_EXERCISE AIM_. Please reproduce the lines from the one containing "Aufbewahrungsbox Stoff Set" through the end of the data below exactly as they stand, and omit all pictures.

_SOURCE DATA_.
*****

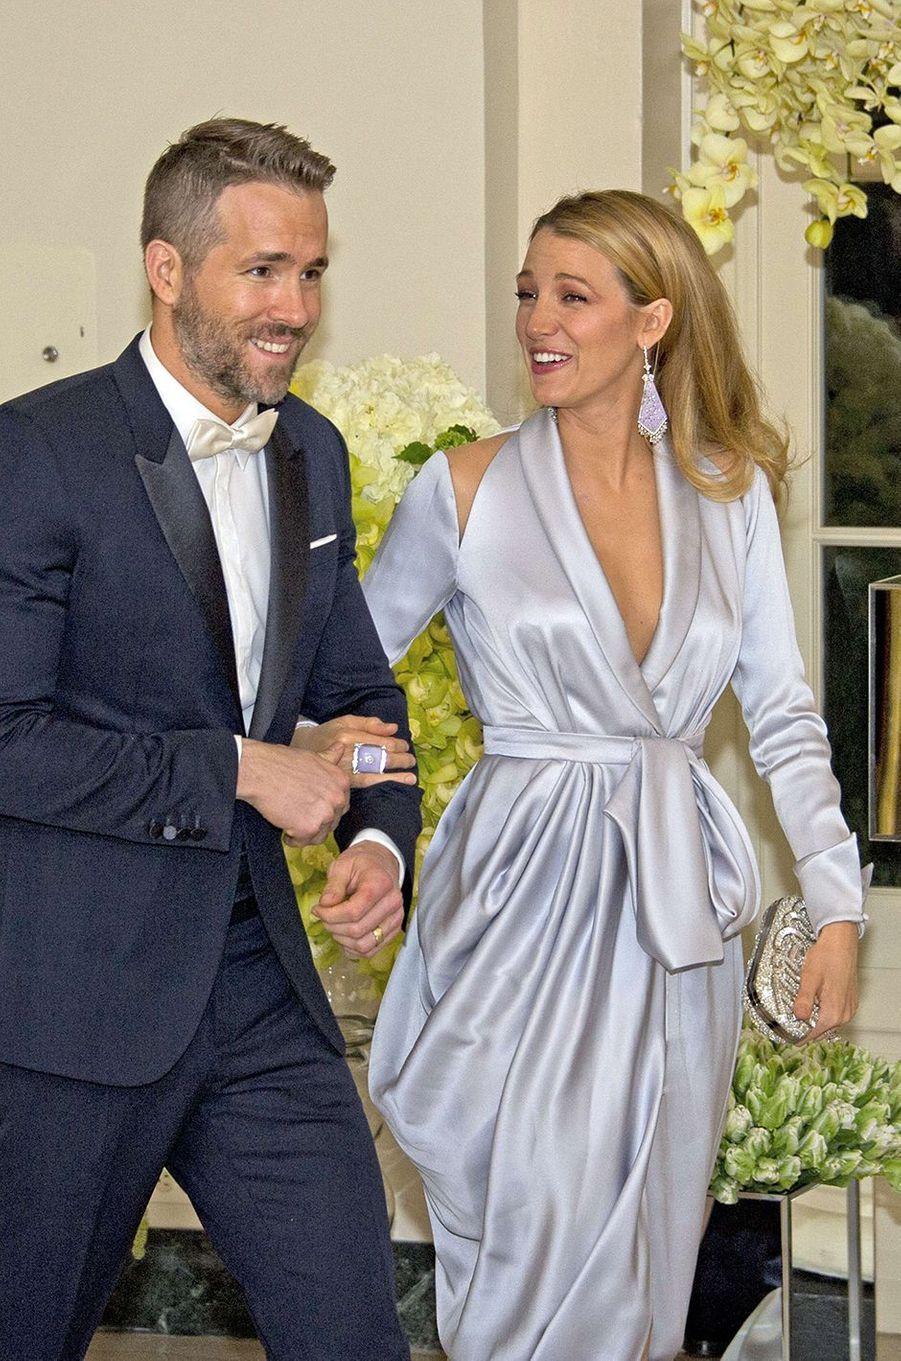 Blake Lively et Ryan Reynolds attendent leur deuxième enfant.
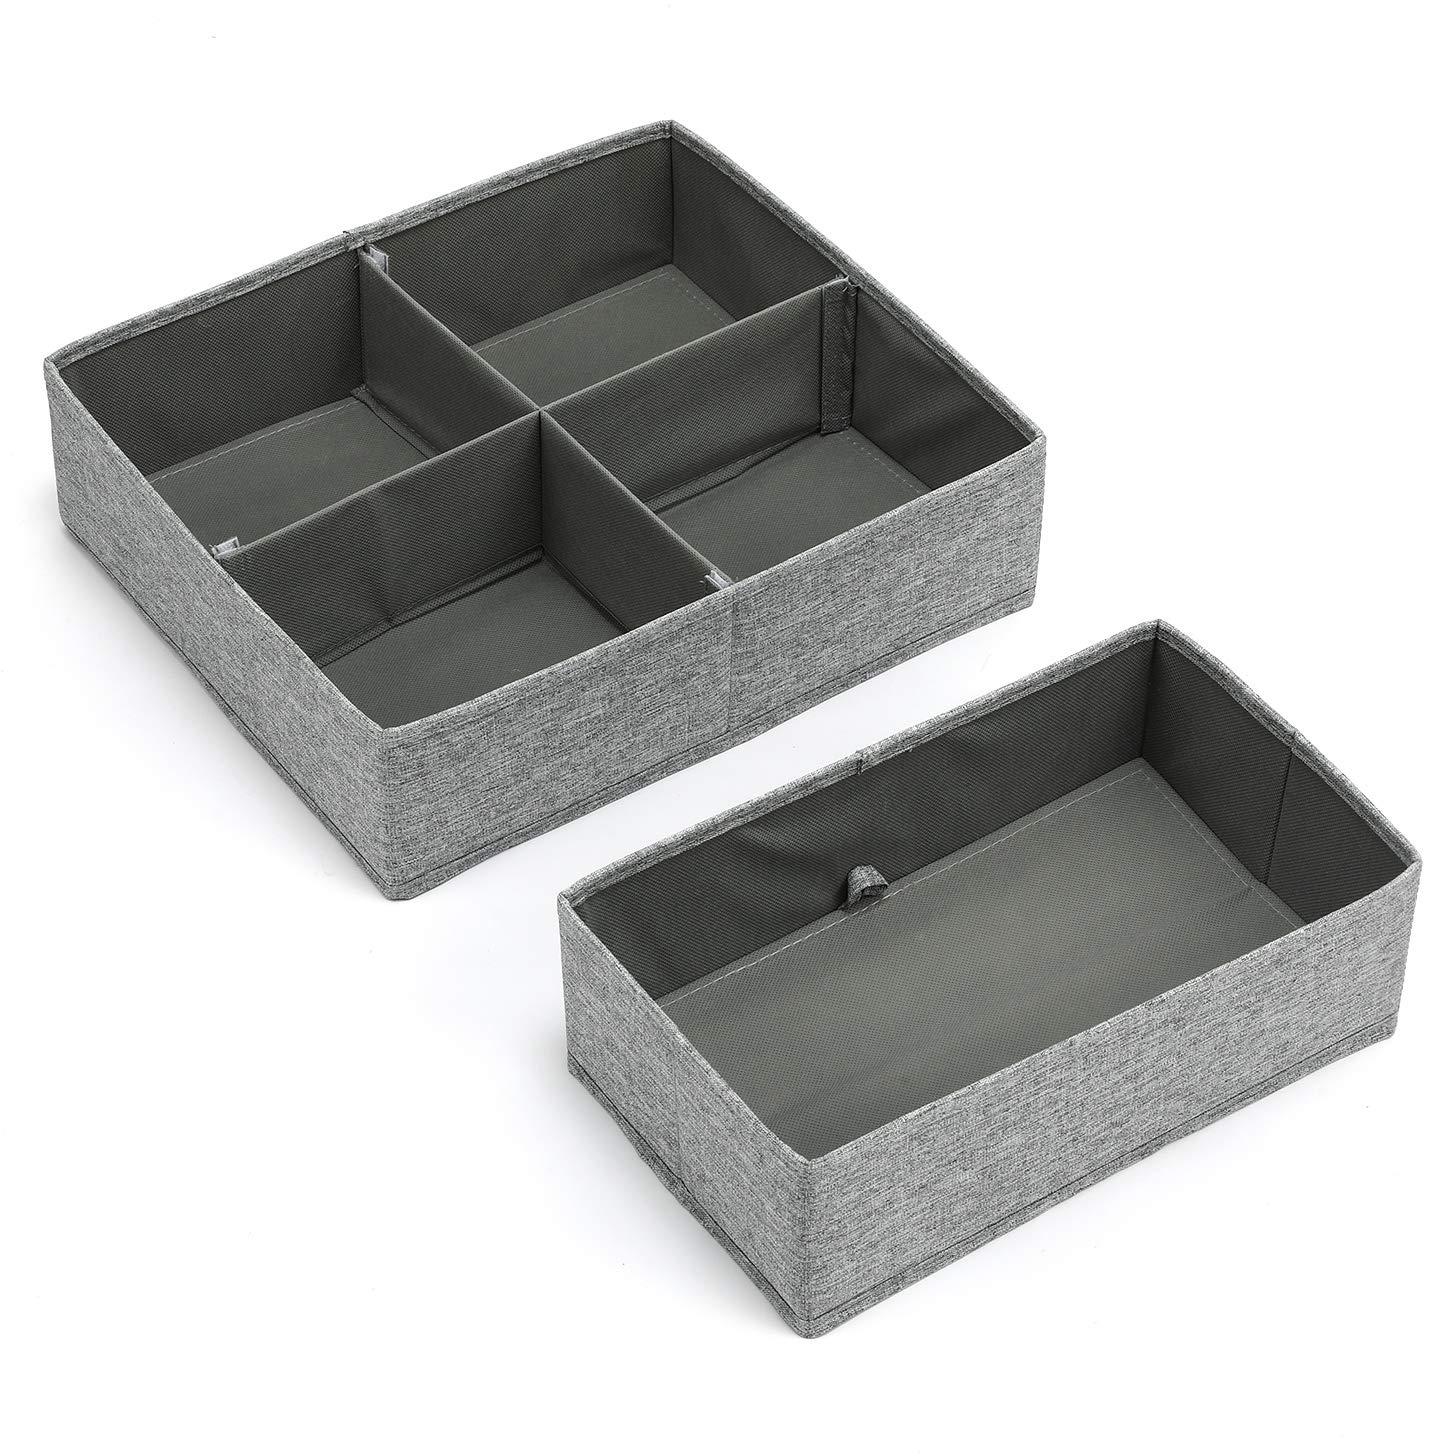 Aufbewahrungsbox Stoff Set faltbar Unterwä sche Socken Organizer Ordnungsbox Faltbox Stoffbox 2er Set (Grau) MaidMAX 903137-EU
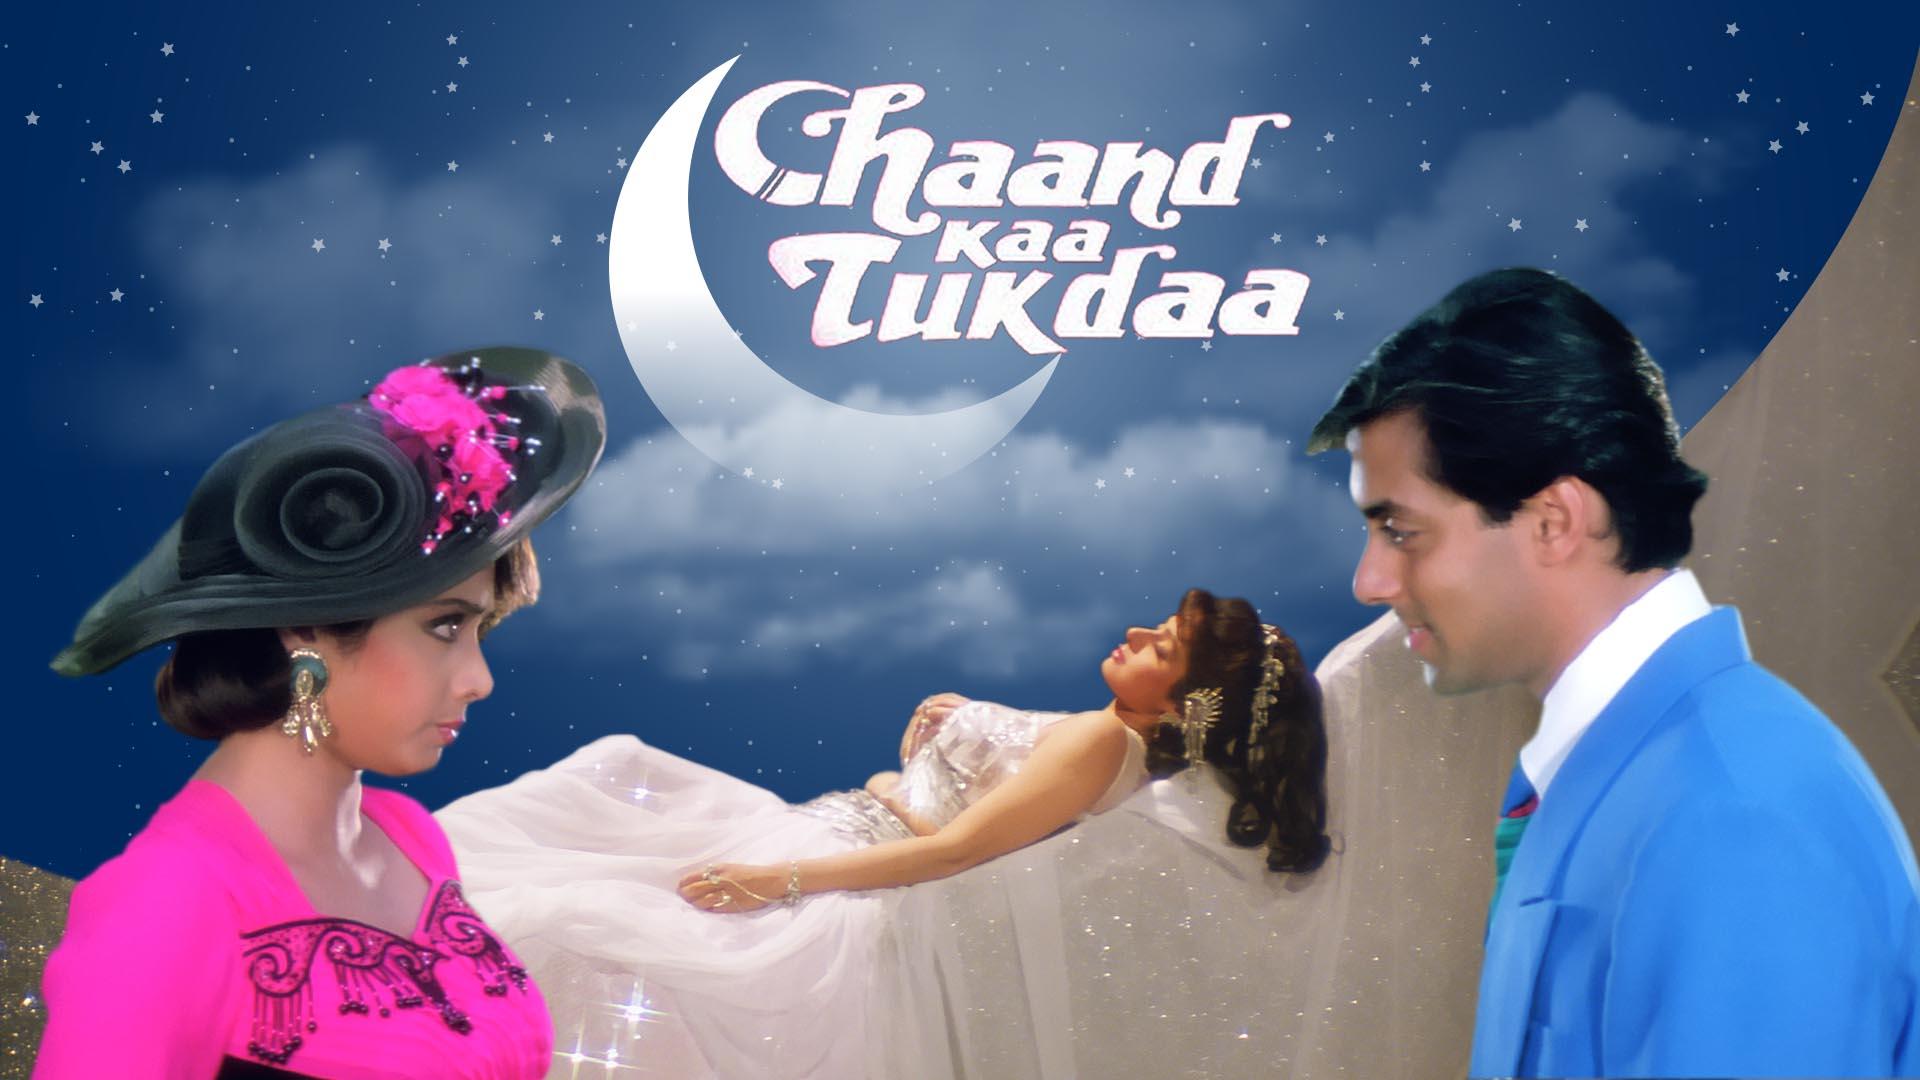 Chaand Ka Tukda

*****

_OUTPUT BELOW_.
 Aufbewahrungsbox Stoff Set faltbar Unterwä sche Socken Organizer Ordnungsbox Faltbox Stoffbox 2er Set (Grau) MaidMAX 903137-EU
 Chaand Ka Tukda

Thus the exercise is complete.